А однажды маму позвали к телефону. Через дверь плохо разберешь, когда разговаривают в коридоре, да я и не прислушивался. Но как она вошла в комнату, заметил и запомнил до малейшей черточки — очень медленно вошла — и как сказала, осталось в памяти — будто удивилась, что может говорить, что у нее есть голос: «Ты знаешь, Сережа, а нашего папу убили».
Я еле успел поддержать ее. Она боком, неуклюже упала на диван и целые сутки пролежала. Я сидел рядом и плакал. Убеждал маму, что так не бывает, что такое не сообщают по телефону. Действительно, я не верил, пока не пришло по почте извещение с круглой печатью — лиловой, безжалостно четкой.
С того дня я плохо воспринимал, что говорили учителя. Школьная парта казалась тесной, словно бы я вдруг вырос, стал старше, и сидеть мне здесь глупо, так не поступают взрослые. Но как именно надо поступить, я не знал. Пойти в военкомат? А там могут сказать, что мой год еще не призывают. Если же возьмут, то где гарантия, что не пошлют в пехоту, в зенитчики? Мне ведь хотелось обязательно во флот, так мечталось с детства...

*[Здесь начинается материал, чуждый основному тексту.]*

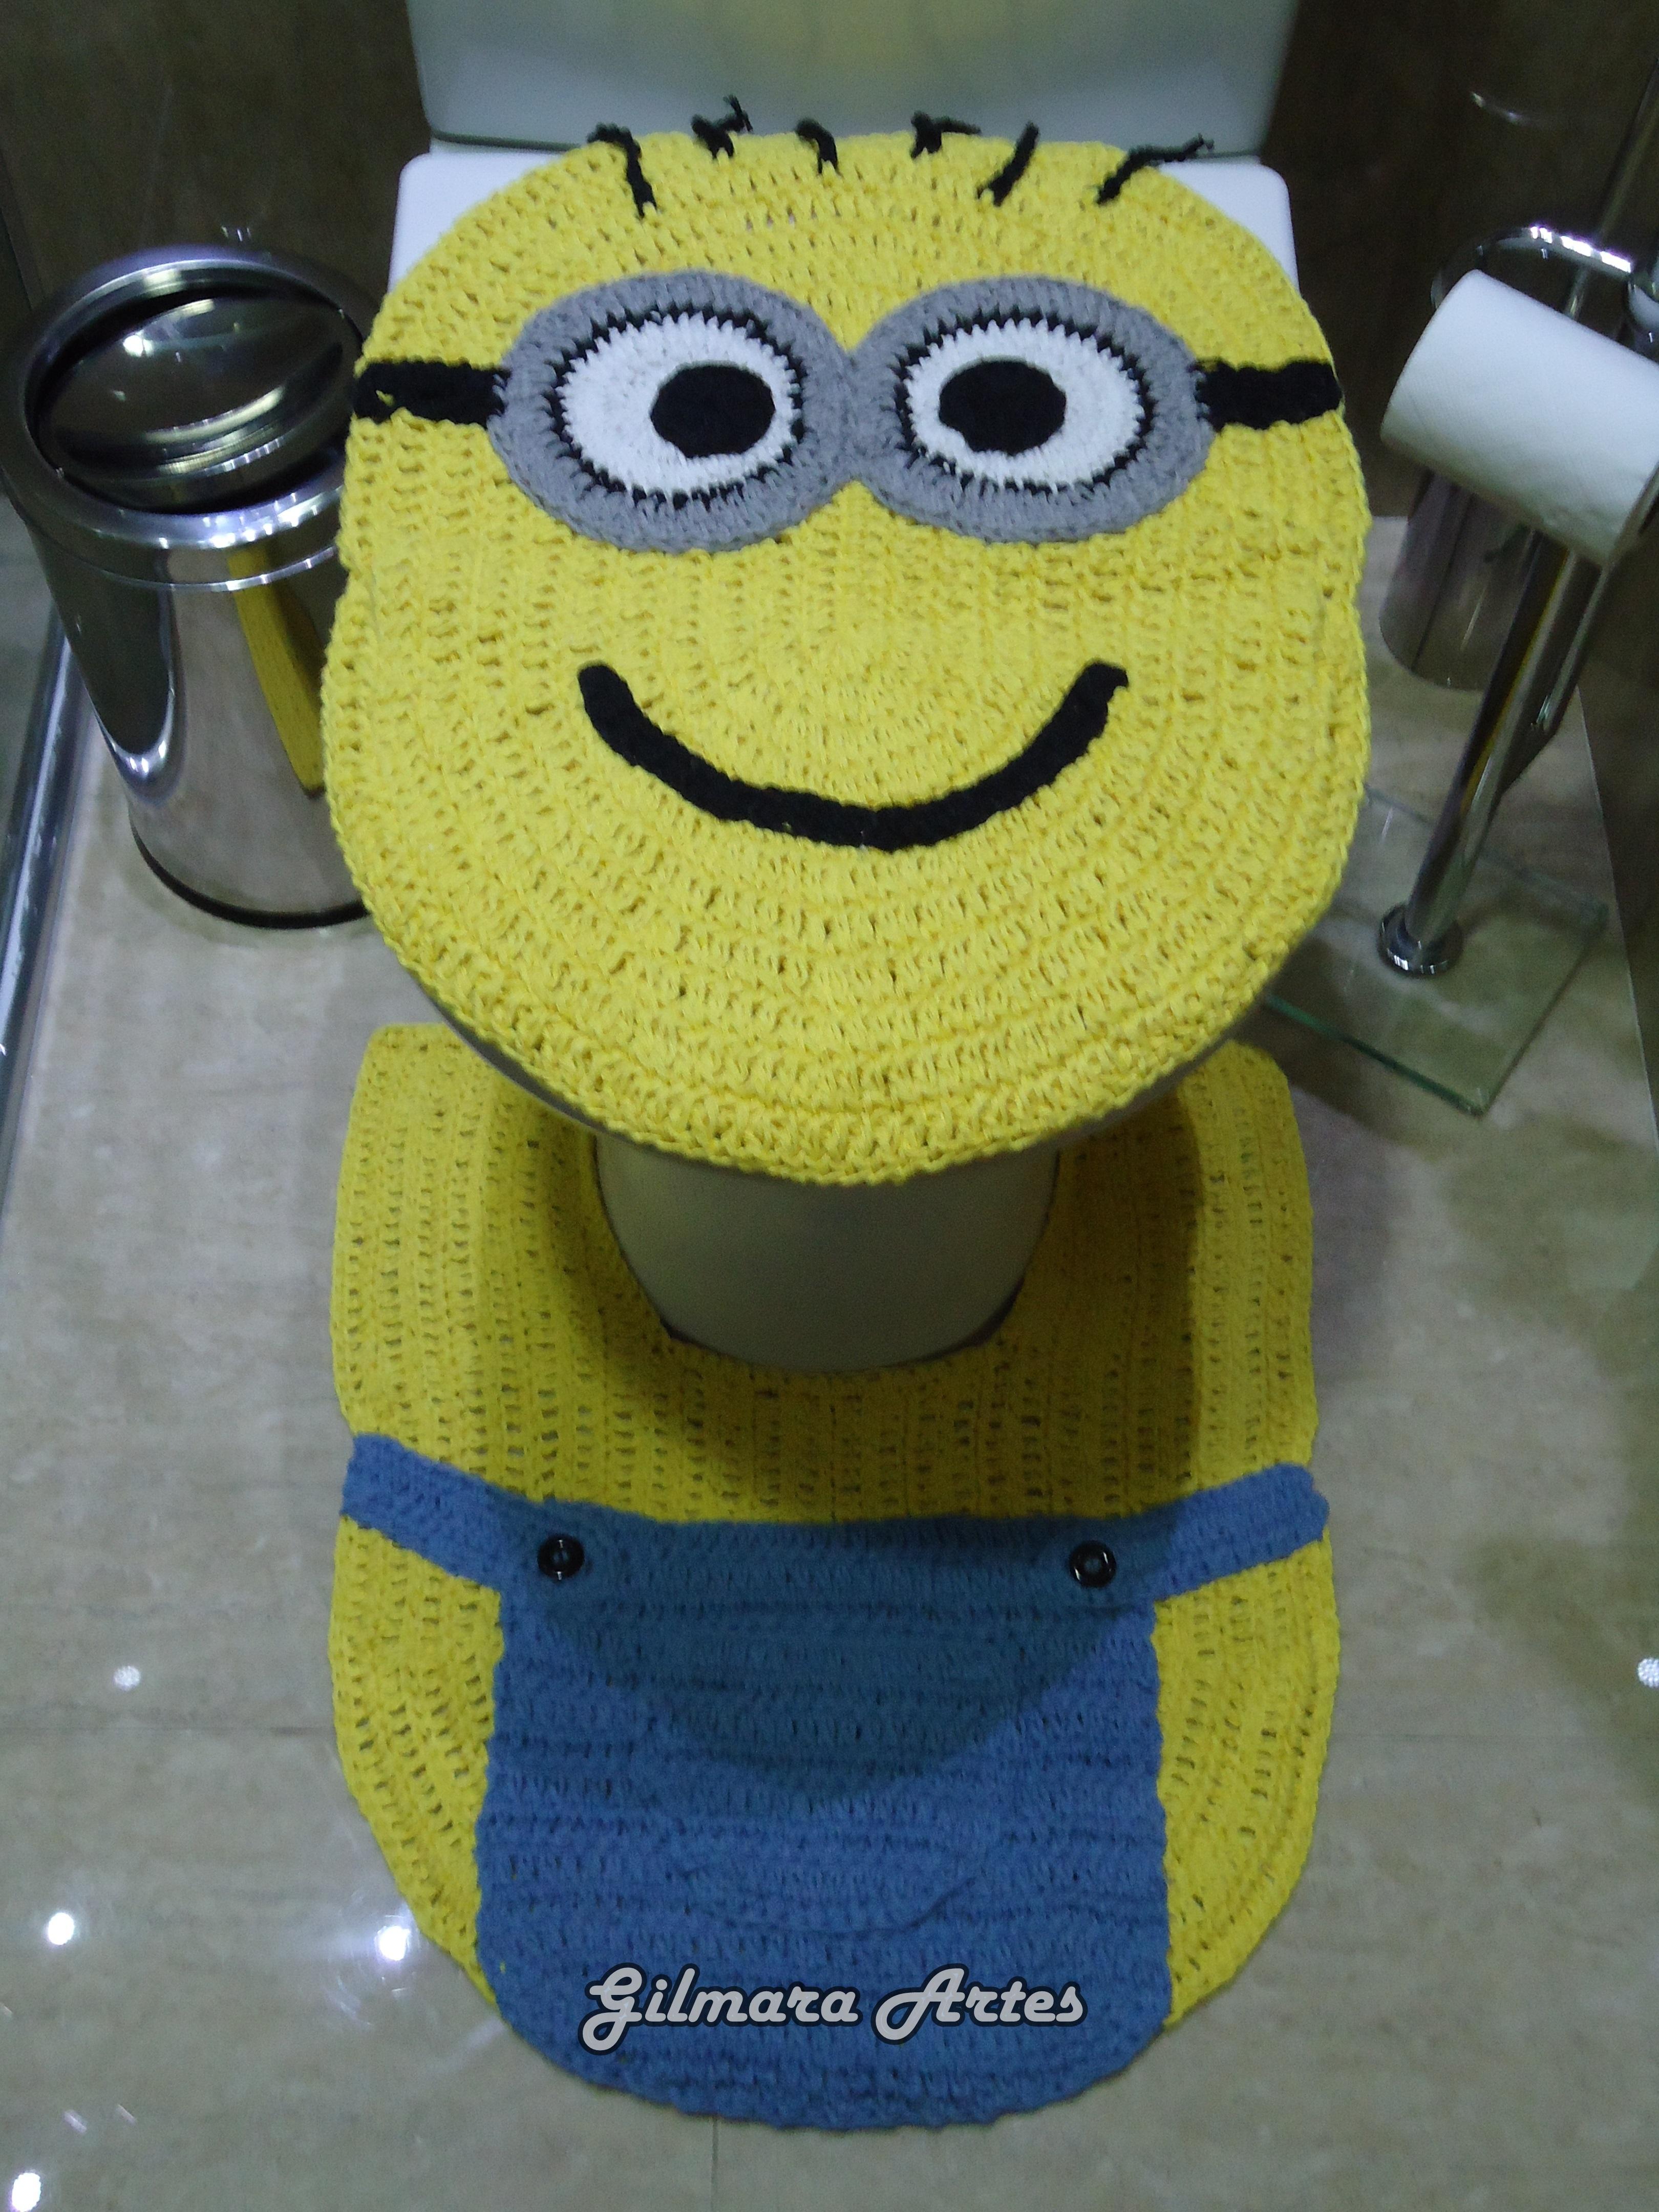 Tapete Minions De Croche : minions-tapete-bnh-074-jg-c-03-pcs-minion minions-tapete-bnh-074-jg-c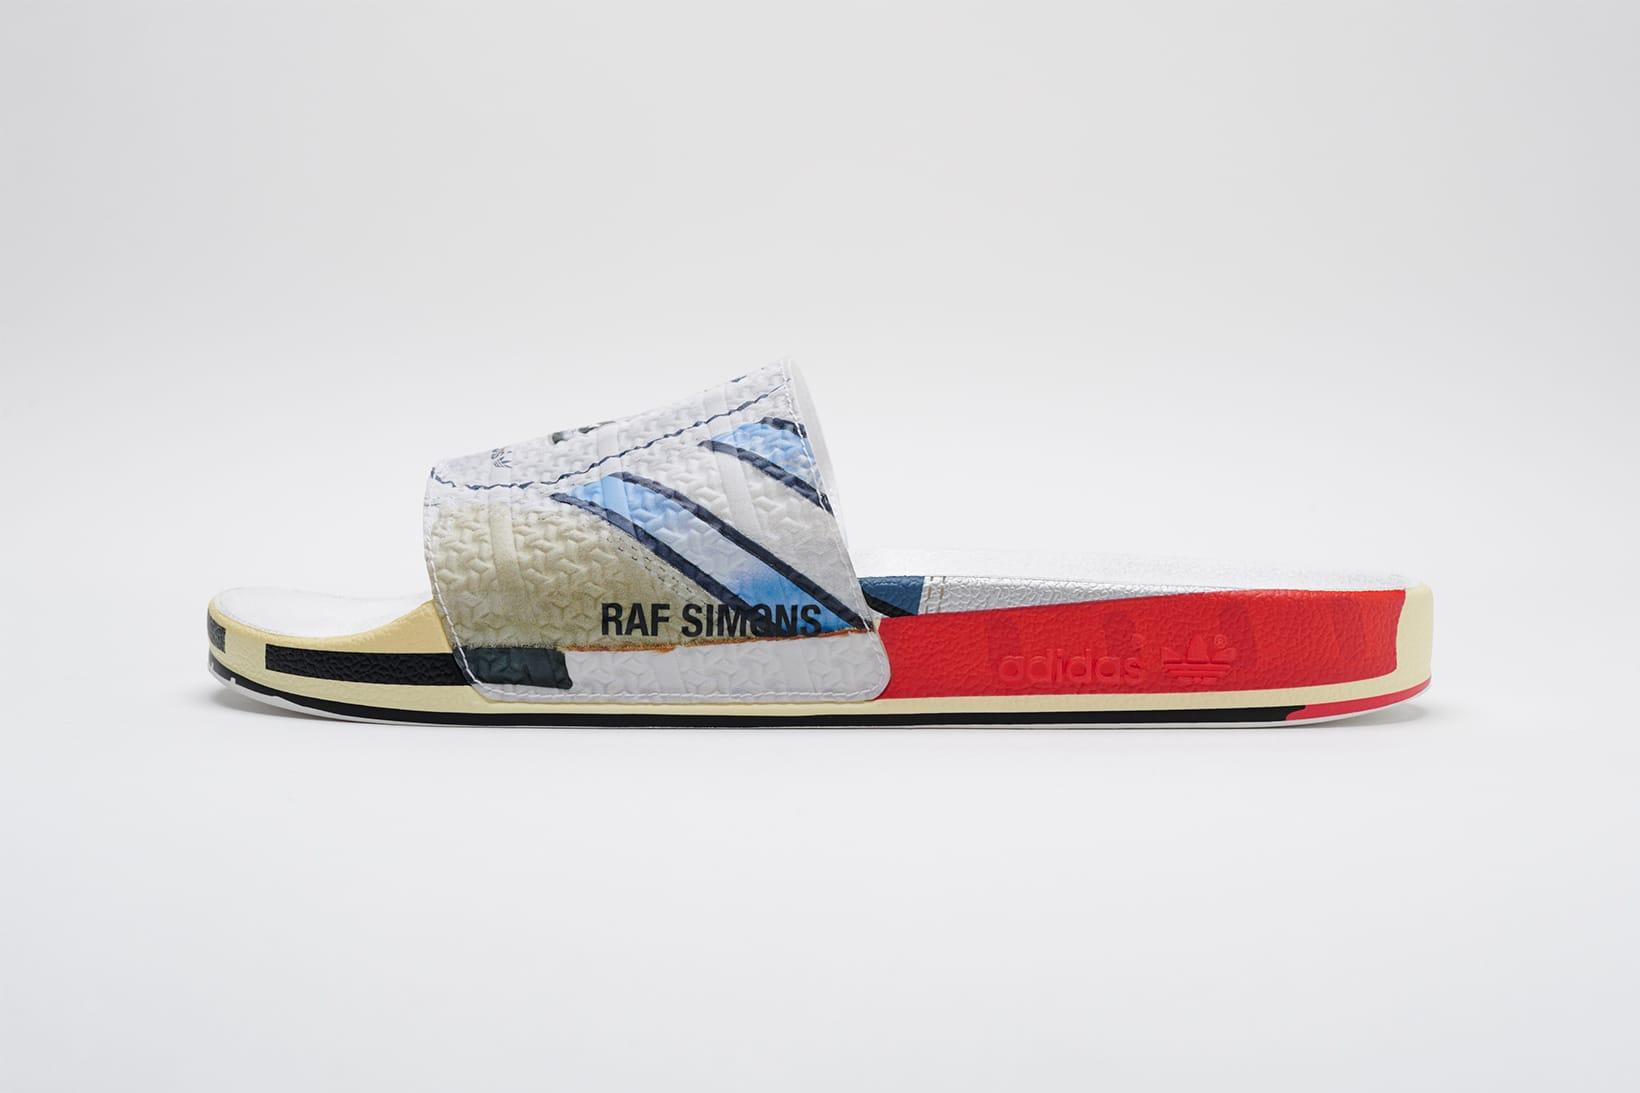 Raf Simons x adidas Adilette Slides

В классном журнале возле моей фамилии множились двойки. Я пропустил один урок, второй, потом день и еще день. Бродил по Садовой, у вокзалов, углубляясь в свою вину и в свою беду, пока не пришла простая и ясная мысль, что в школу мне уже обратно ходу нет и нужно уехать, обязательно уехать — все равно куда, только бы кончилось фальшивое хождение с облезлым портфелем под мышкой.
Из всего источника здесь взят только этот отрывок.